First Open Source Contribution: Lessons from a Matplotlib PR

Open Source
Python
NumPy
Published

Feb 10, 2026 at 12:00 am

What I Did

Submitted my first pull request to matplotlib (#31132), addressing a performance optimization issue. The task was to replace np.column_stack with faster alternatives (np.vstack().T and np.hstack).

Initial Approach

Forked matplotlib, cloned it locally, and wrote a Python script to mechanically replace all 52 occurrences of np.column_stack across 20 files. Pushed the changes and opened a PR.

What Went Wrong

The CI build failed almost immediately. My blind replacement didn’t account for how NumPy handles arrays with different dimensionality:

# This works:
np.column_stack([c, np.zeros(len(c))])  # c is (19, 3)

# My replacement:
np.vstack([c, np.zeros(len(c))]).T  # FAILS - dimension mismatch!

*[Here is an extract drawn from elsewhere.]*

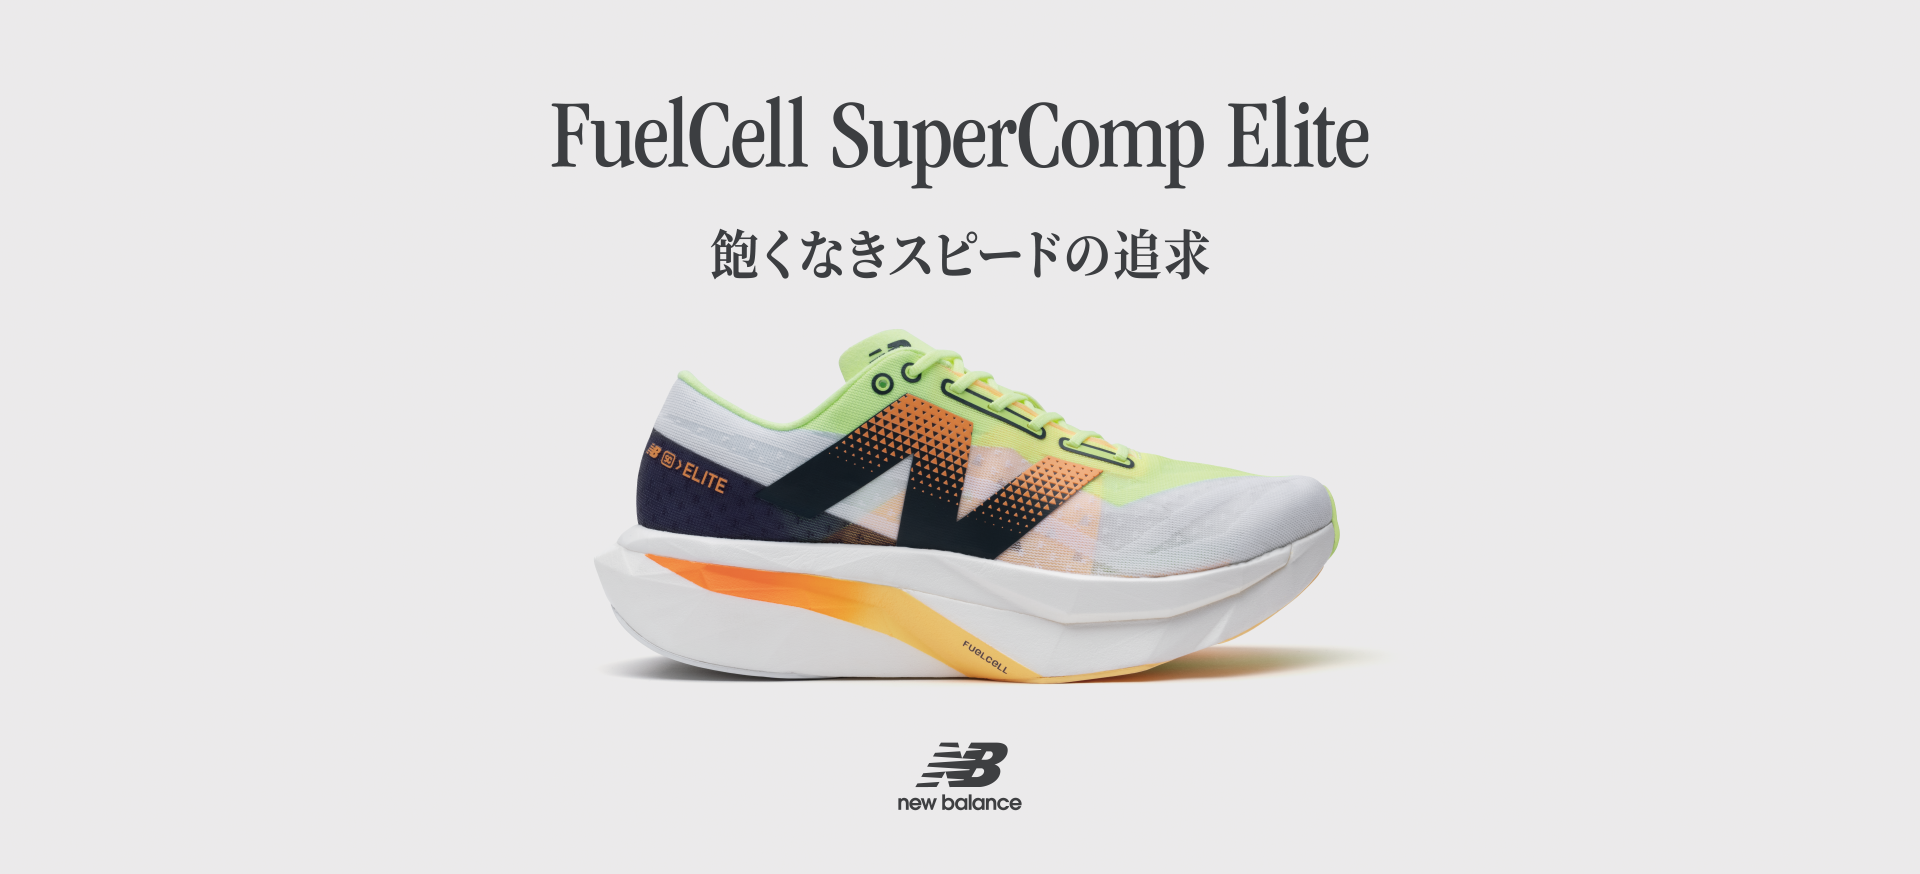 FuelCell SuperComp Elite 飽くなきスピードの追求

column_stack treats a 1D array as a column when stacked with a 2D array. vstack().T expects all arrays to have compatible shapes.

The Fix

I learned there are three distinct cases:

  1. Both arrays 1D: column_stack([a, b])vstack([a, b]).T
  2. Both arrays 2D: column_stack([A, B])vstack([A, B]).T
  3. Mixed dimensions (2D + 1D): column_stack([c, d])hstack([c, d.reshape(-1, 1)])

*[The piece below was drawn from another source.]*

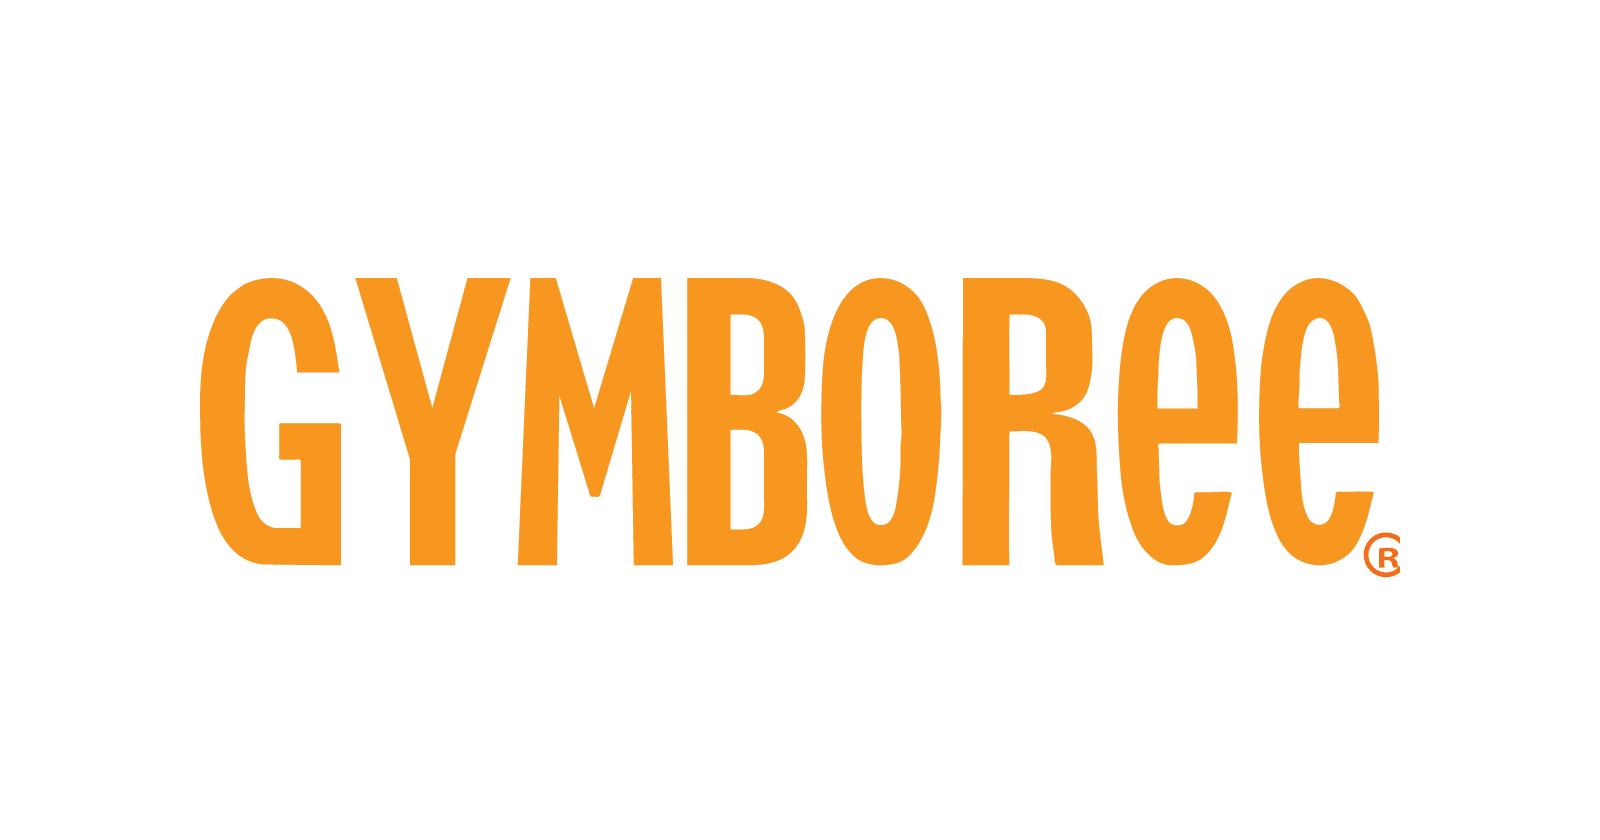 gymboree-logo
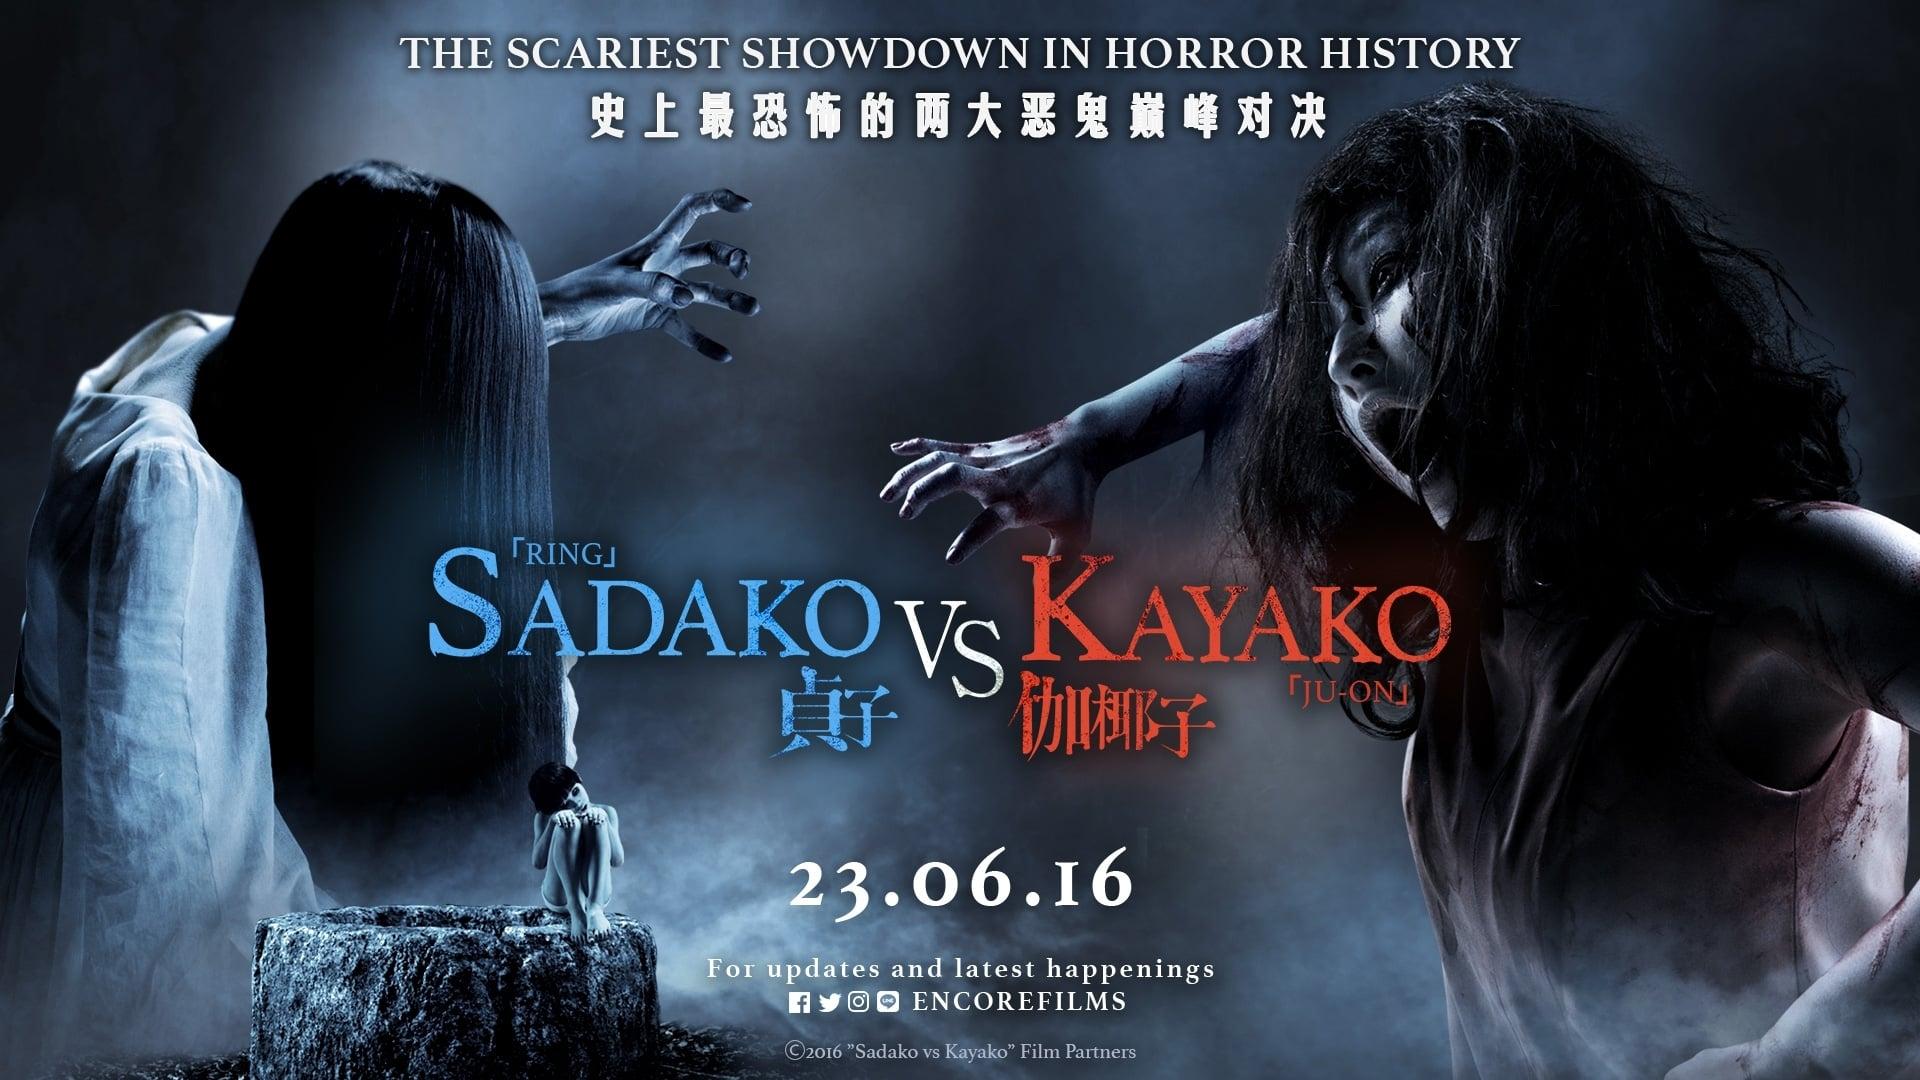 Bunshinsaba vs Sadako backdrop

I rewrote the changes conservatively—only 4 files with 9 replacements instead of 20 files with 52. The CI now passes.

What I Learned

  1. Mechanical replacements are dangerous—especially with NumPy where behavior depends on runtime properties like array shape
  2. Test-driven refactoring: Should have tested locally before pushing, not relied on CI
  3. Incremental, safer changes are better than “fix everything at once”
  4. NumPy stacking semantics: column_stack, vstack, and hstack have subtle but important differences

Next Steps

  • Wait for PR review from matplotlib maintainers
  • Consider adding unit tests to prevent regressions
  • Look for more “good first issue” tasks to build experience with open-source workflows

This PR taught me that even simple-sounding performance optimizations require careful understanding of the underlying APIs.